### Exercise description
Starting at the line that contains "This is the" and stopping after the line that contains "1:72 SCALE ROUGH", transcribe the listing below exactly; do not include any pictures.
[Opening Source records section]
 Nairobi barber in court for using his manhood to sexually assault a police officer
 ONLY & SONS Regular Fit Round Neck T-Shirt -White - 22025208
[Closing Source records section]
[Opening Source records section]
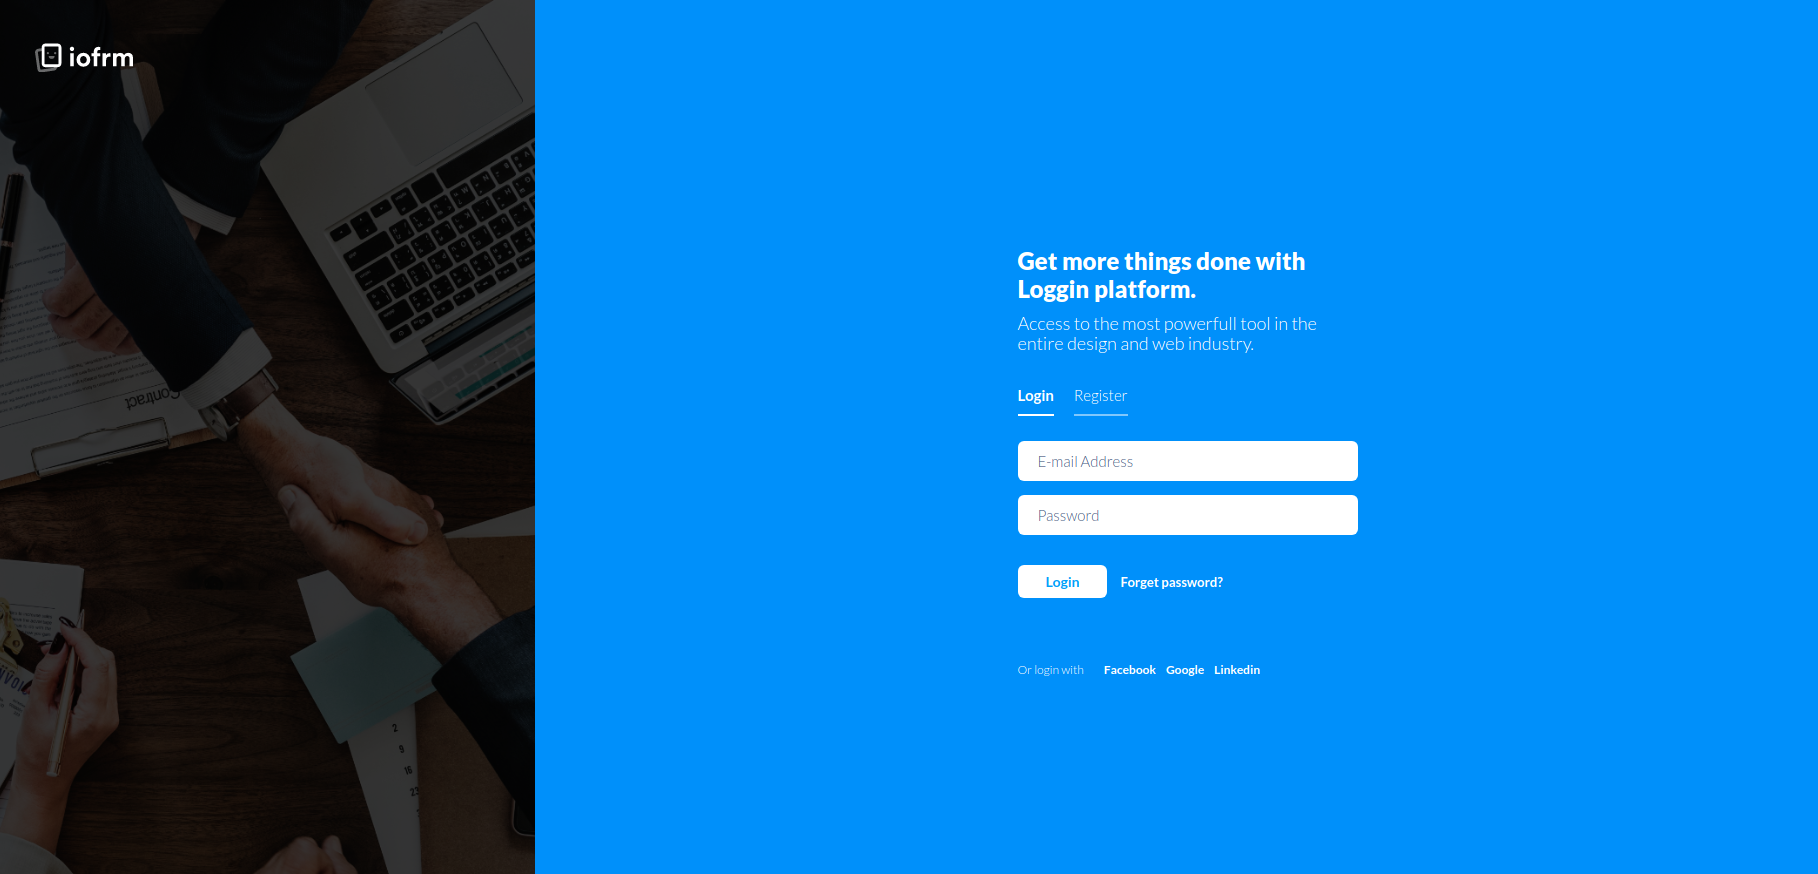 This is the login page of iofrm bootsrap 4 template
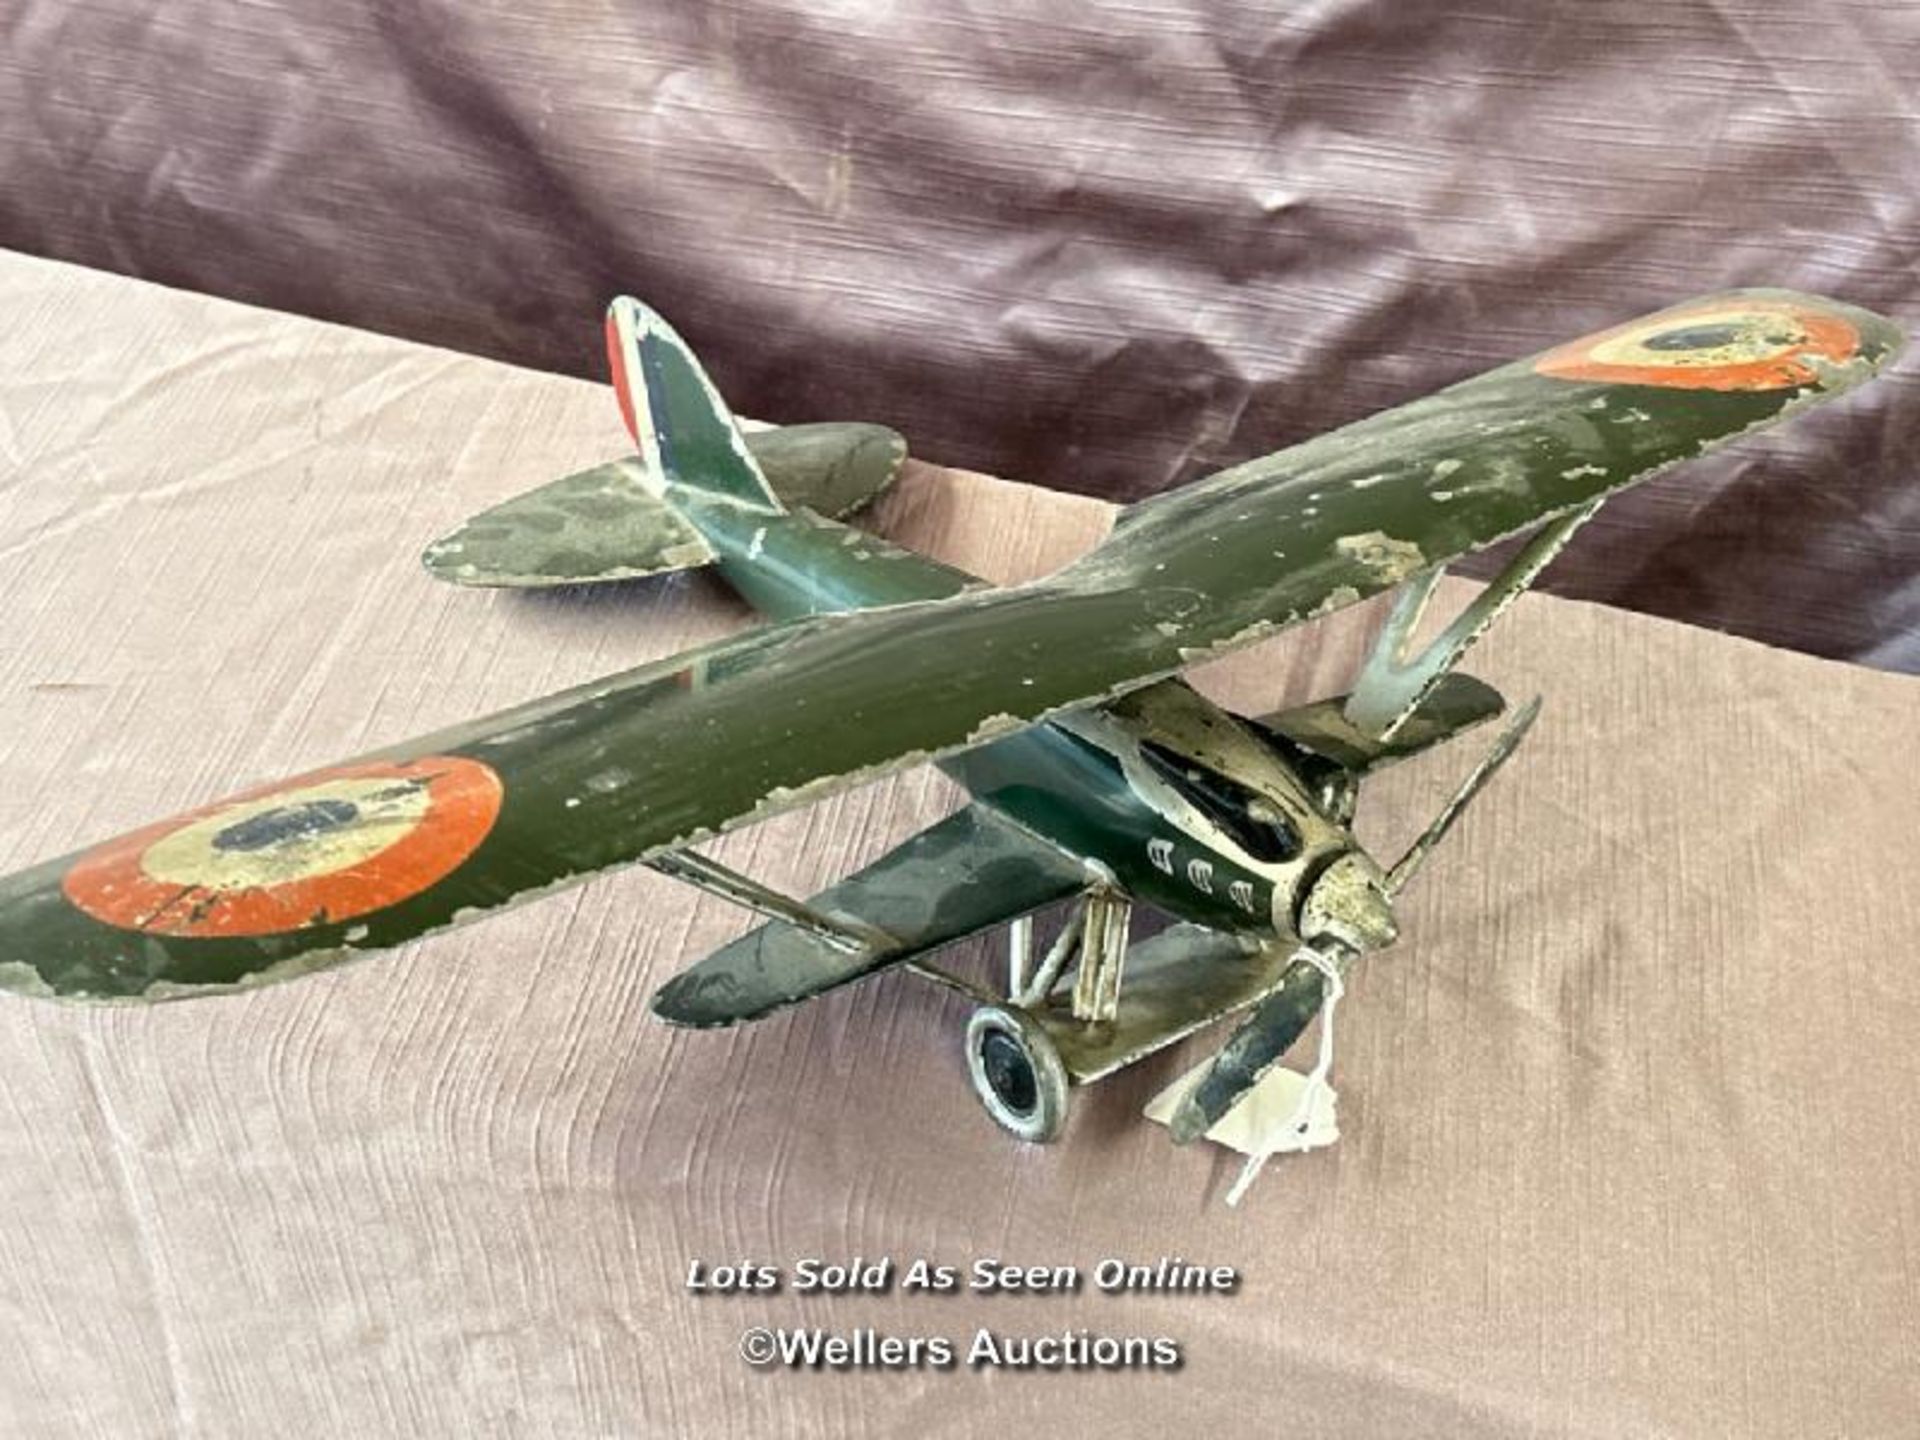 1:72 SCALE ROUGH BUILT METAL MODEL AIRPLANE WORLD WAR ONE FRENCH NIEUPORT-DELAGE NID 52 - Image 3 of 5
[Closing Source records section]
### Response for this exercise
 This is the login page of iofrm bootsrap 4 template
 1:72 SCALE ROUGH BUILT METAL MODEL AIRPLANE WORLD WAR ONE FRENCH NIEUPORT-DELAGE NID 52 - Image 3 of 5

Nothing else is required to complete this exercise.